Il faut, par contre, savoir que le traitement chirurgical d'une ischémie aiguë peut être
complexe et nécessite l'avis d'un chirurgien vasculaire expérimenté. Le risque c'est
l'amputation, mais aussi un risque vital en cas de revascularisation tardive d'une ischémie
étendue.
1. Diagnostic
Le diagnostic est facile. C'est la survenue d'une douleur de début brutal, associée à un
refroidissement du membre inférieur. A l'inspection, le membre est pâle et à la
palpation, il est froid.

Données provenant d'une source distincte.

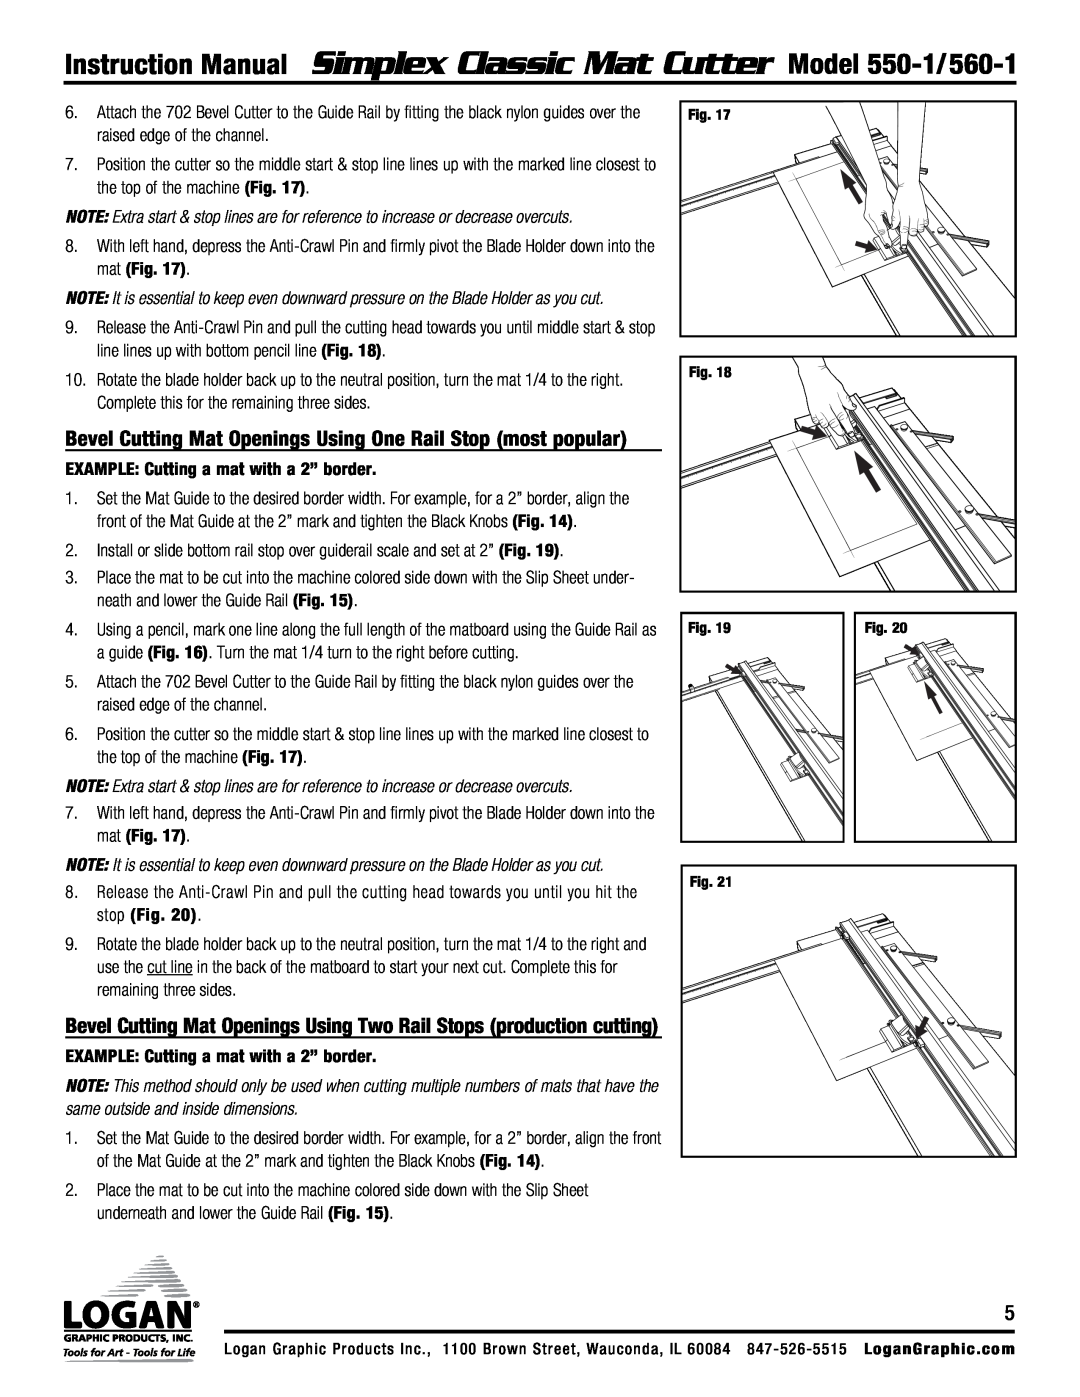 Logan Graphic Products 560-1, 550-1 instruction manual Bevel Cutting Mat Openings Using One Rail Stop most popular

Il n'y a plus de pouls capillaire.
2. Déterminer la gravité
C'est examiner le membre atteint pour rechercher un déficit sensitif et/ou un déficit
moteur. En cas de déficit sensitivo-moteur complet du pied, c'est une véritable course
contre la montre pour éviter une amputation ou des séquelles ultérieures.
3. Déterminer la cause
L'interrogatoire précisera l'existence d'une claudication intermittente, de troubles du
rythme ("palpitations"), de facteurs de risque (tabac, diabète, hypertension artérielle,
cholestérol). C'est habituellement l'examen du membre inférieur oppo qui va donner
la solution. Si tous les pouls sont perçus et le malade en arythmie complète, il s'agit
probablement d'une embolie. Si les pouls poplités et distaux ne sont pas perçus, les
artères sont athéromateuses et, qu'il s'agisse d'une embolie sur artères athéromateuses ou
d'une thrombose athéromateuse, la stratégie chirurgicale sera sensiblement la même.